The Cloudera Data Science Challenge 3 Description
The proper write up for this solution is in this directory as Doug_Needham_DSC3_Write_Up.pdf
The assumptions for this code is that it will run under the userid "dln" The HDFS directory structure required is:
- /user/dln/problem1
- /user/dln/problem1/driver
- /user/dln/problem1/svm
- /user/dln/problem2
- /user/dln/problem3
- /user/dln/problem3/inGraph
- /user/dln/problem3/OutGraph
The shell script "setup.sh" performs the appropriate hadoop fs -mkdir -p commands to create the directories.
As to the source data. All of the code that follows assumes the data for the challenge is in the following location and structure:
- /user/dsc/famous/spam.log
- /user/dsc/famous/web.log
- /user/dsc/winklr/Winklr-network.csv
- /user/dsc/winklr/Winklr-topClickPairs.csv
- /user/dsc/smartfly/smartfly_historic.csv
- /user/dsc/smartfly/smartfly_scheduled.csv
Both of the previous assumptions are used to set these environment variables in the individual shell scripts:
- SRC_DATA=/user/dsc
- TGT_DATA=/user/dln
The three requested deliverables are under the directory named "answer", these are the "master" answers and no automation is used to copy the files from the individual code directories to the answer directory:
- answer/
- answer/problem1.csv
- answer/problem2.json
- answer/problem3.csv
The structure of the directories for the code is as follows (The output directories created by sbt are eliminated for brevity) :
- answer
- problem1
- analysis
- data
- log
- PredictFlights
- problem2
- data
- json
- log
- problem3
- AnalyzeGraph
- data
- final
- inGraph
- OutGraph
- log
The shell script to run each problem is in the individual problem directory.
- problem1/problem1.sh
- problem2/problem2.sh
- problem3/problem3.sh
These can all be run as a background process using problem1.sh & for example, since logging within the shell script is being done to the log directory.

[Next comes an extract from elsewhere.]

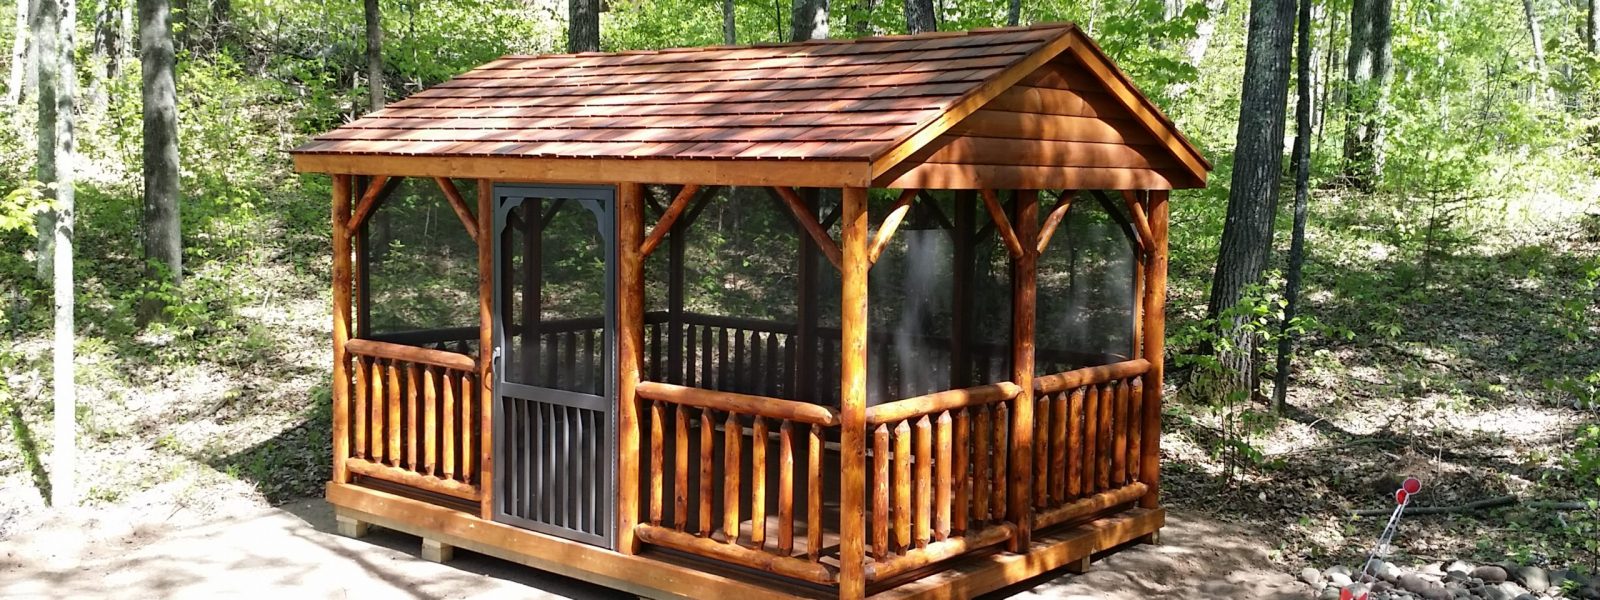 log pavilion for sale in minnesota northwood industries

problem1.sh and problem3.sh can be run with a single command line argument. Both of these scripts are data driven, in that they each have a file that drives the process. In the case of problem1, it is a list of airports, in problem3 it is a list of originating vertices. The command line argument "throttles" the proces to only run a certain number of airports, or from-vertices for problems 1 and 3 respectively.
Thank you,
Doug Needham